Transdermal hormone replacement therapy is associated with the lowest risk of venous thromboembolism, yet still is relatively underused compared to oral preparations, researchers say.
Writing in the BMJ, Yana Vinogradova, PhD, of the University of Nottingham (England) and her associates reported the results of two nested case-control studies of hormone replacement therapy (HRT) and venous thromboembolism (VTE) from Jan. 1998 to Feb. 2017 that altogether included 80,396 women aged 40-79 years with a primary diagnosis of VTE matched to 391,494 female controls.

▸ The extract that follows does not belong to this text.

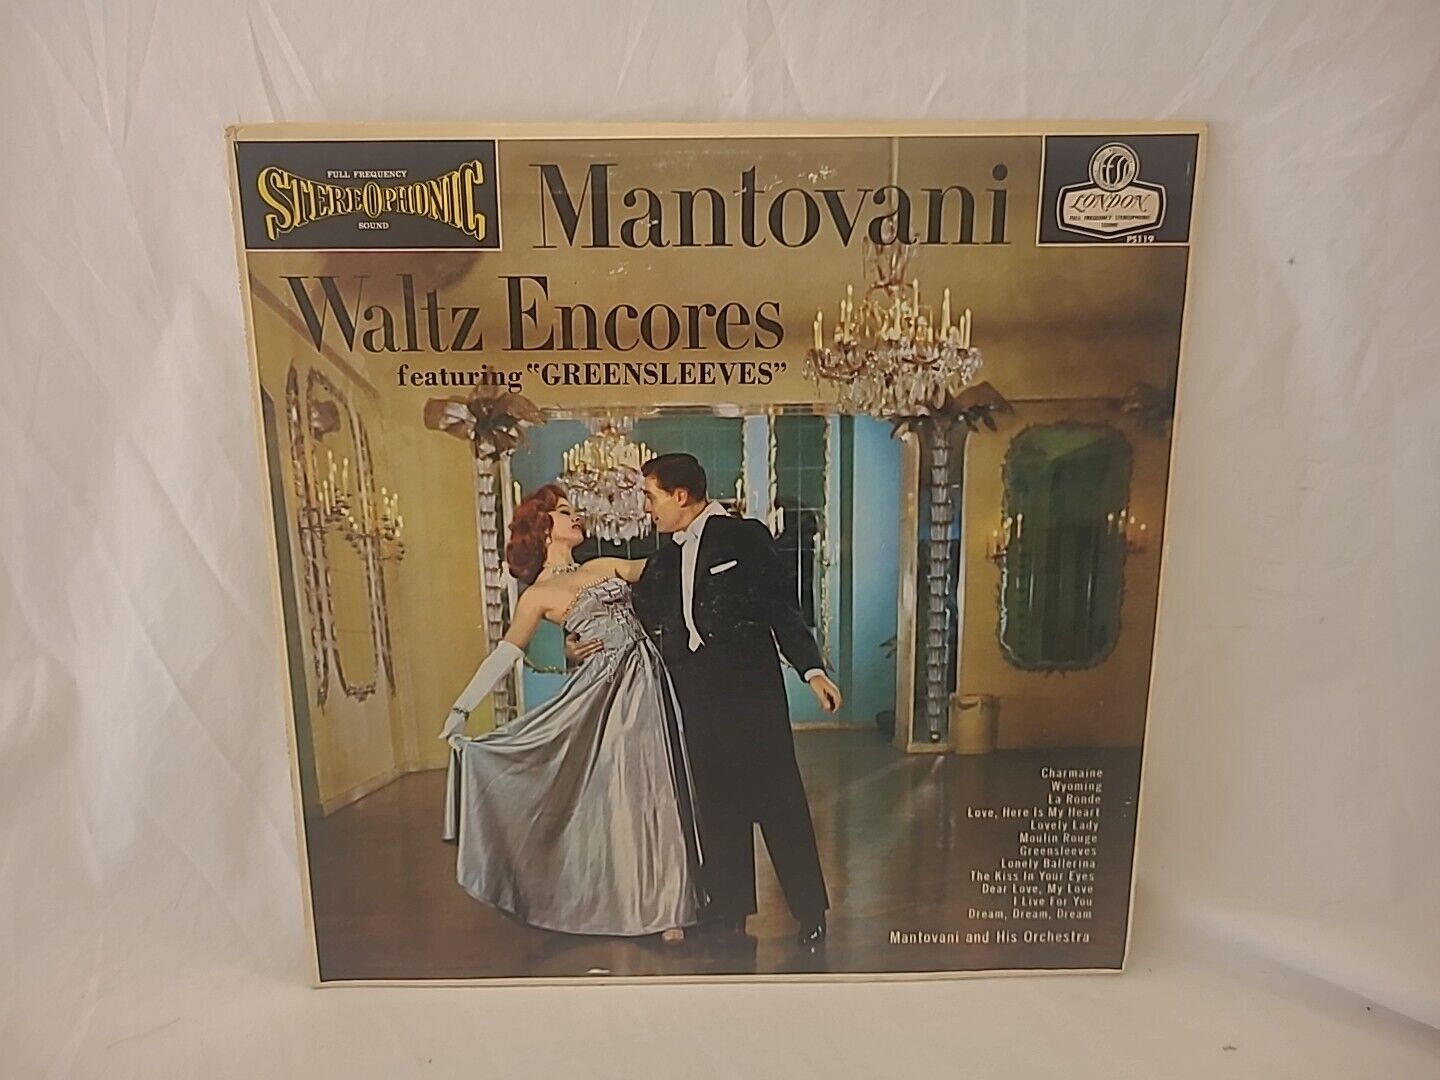 Mantovani WALTZ ENCORES Full Frequency Stereophonic Sound Vinyl LP Album PS119

Overall, 7% of the women with VTE had been exposed to HRT in the 90 days before the index date versus 5.5% of controls.
The greatest increase in risk of VTE, compared with no exposure, was seen with oral conjugated equine estrogen with medroxyprogesterone acetate, which was associated with a more than twofold increase in risk (odds ratio, 2.10; 95% confidence interval, 1.92-2.31; P less than .01).
However transdermal HRT use was not associated with any increase in risk, compared with no HRT exposure. The data even pointed to a slight decrease in risk, which the authors suggested may be the result of some residual confounding or indication bias.
Oral HRT generally was associated with a 58% increased risk of VTE, which amounted to a number needed to harm of 1,076 and nine extra cases of VTE per 10,000 women taking oral HRT.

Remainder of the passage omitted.